6. Instead of conclusion
The proposed probabilistic methods help the system using “smart systems”:
To predict risks to lose integrity for complex structures on the given prognostic time
To rationale of preventive measures considering admissible risk
To estimate “smart system” operation quality
To predict in real time the mean residual time before the next parameter abnormalities
The algorithm of creating more adequate PDF of time between losses of system integrity, considering for every element different threats, possibilities of control, monitoring, and recovery, allows to improve accuracy of probability predictions in hundred-thousand times (!) in comparison with exponential approximation.
The purposed approach allows to improve existing risk control concept, including creation and perfection of probabilistic models for problem decision, automatic combination, and generation of new probabilistic models, forming the storehouse of risk prediction knowledge; for storehouse, dozens of variants of the decision of typical industrial problems for risk control.

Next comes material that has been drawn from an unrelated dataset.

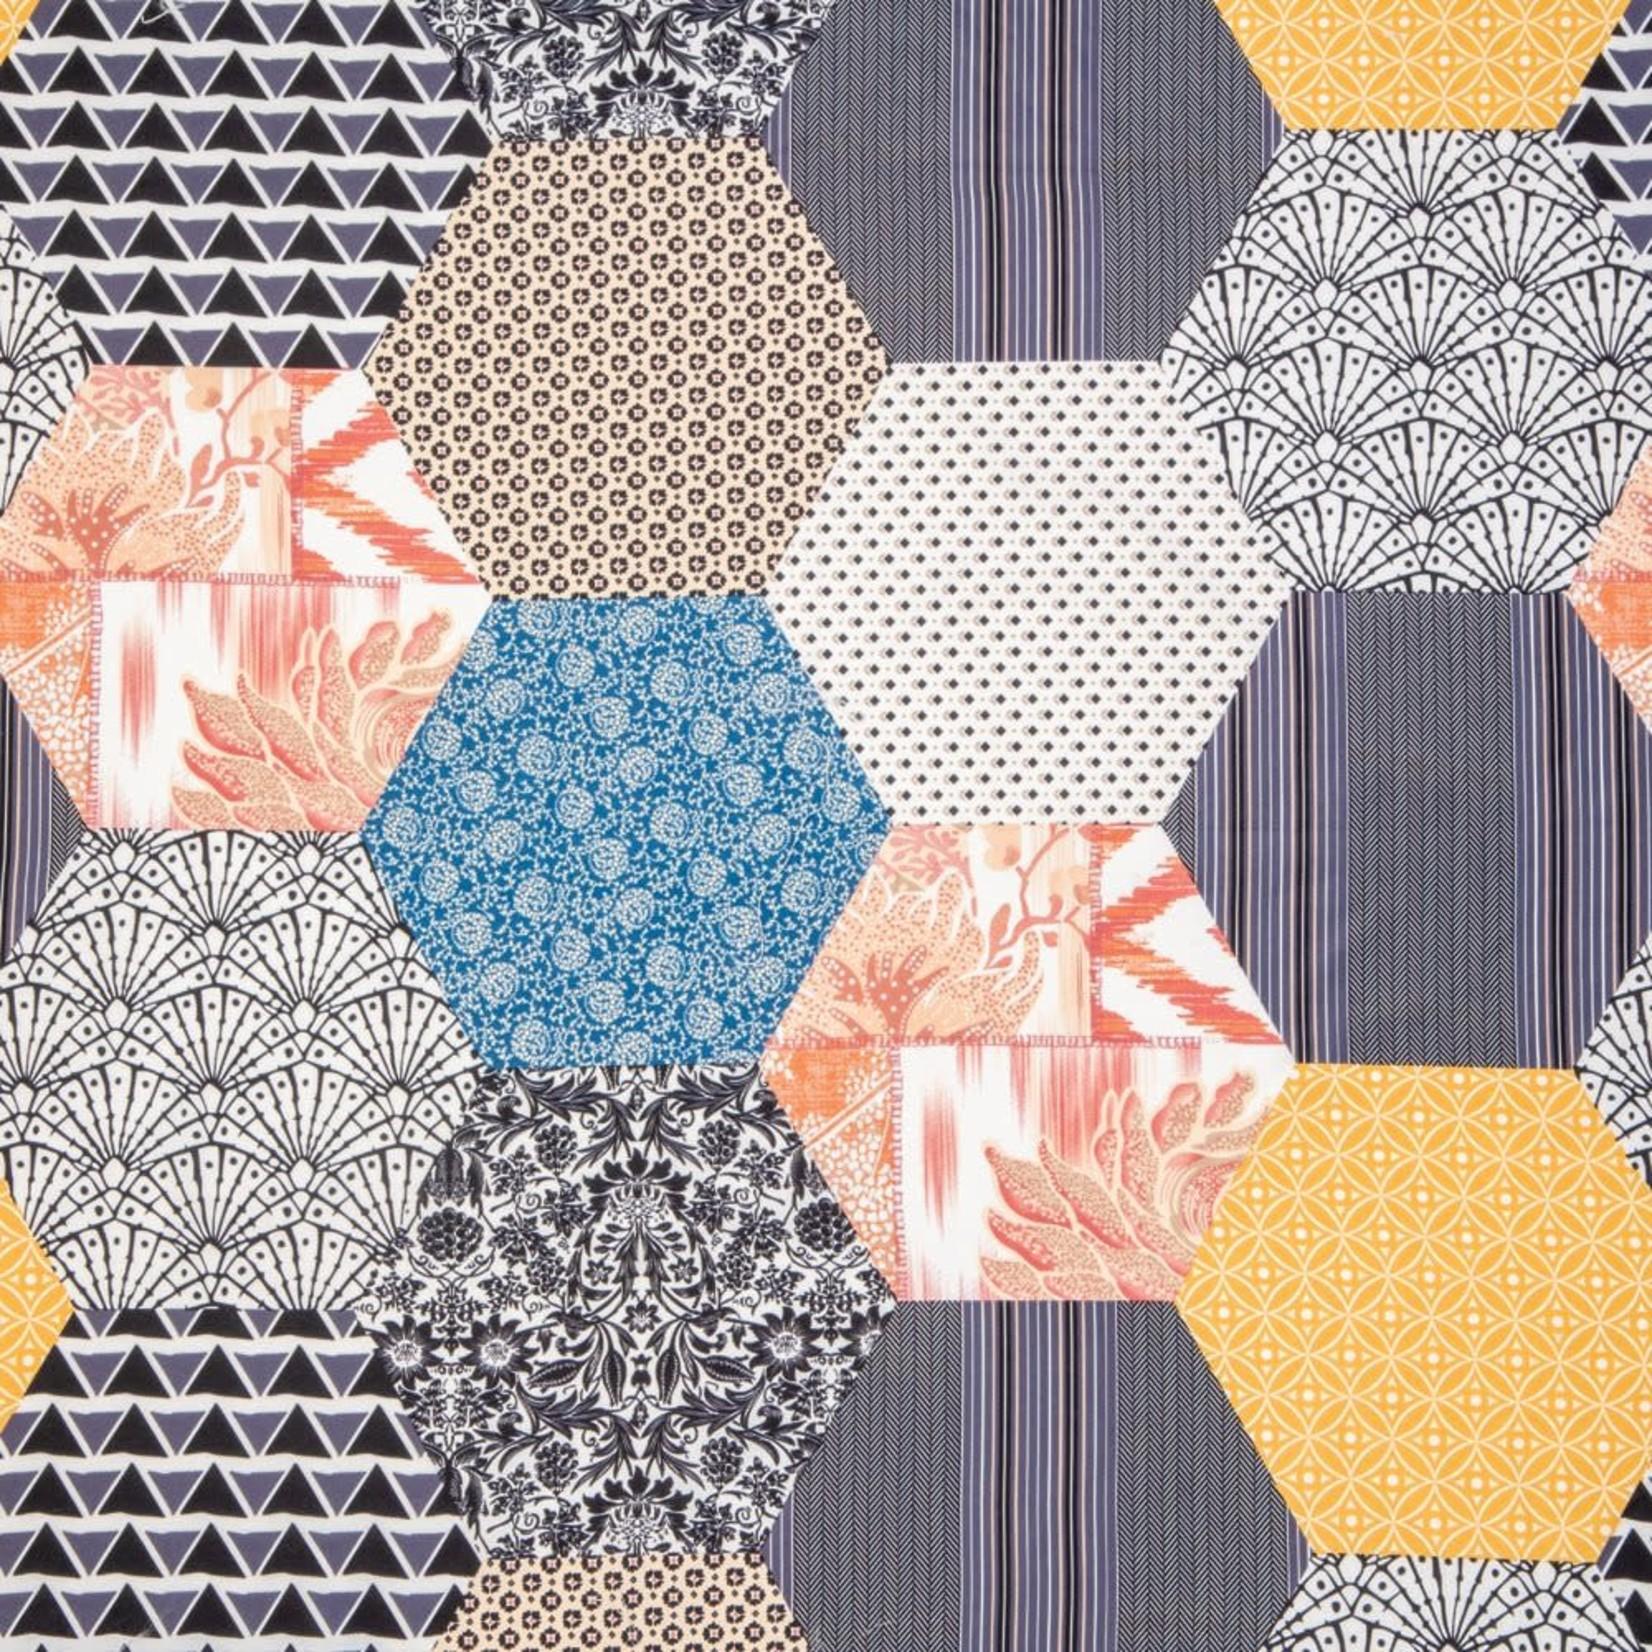 Abee Patchwork Quilt - Double/Queen

The application of the methods and technologies by the joint-stock company “Siberian Coal Energy Company,” implemented on the level of the remote monitoring systems, allowed to rethink system possibilities for increasing reliability and industrial safety, improve multifunctional safety systems, decrease risks, and provide predictive maintenance and operation efficiency in company value chain.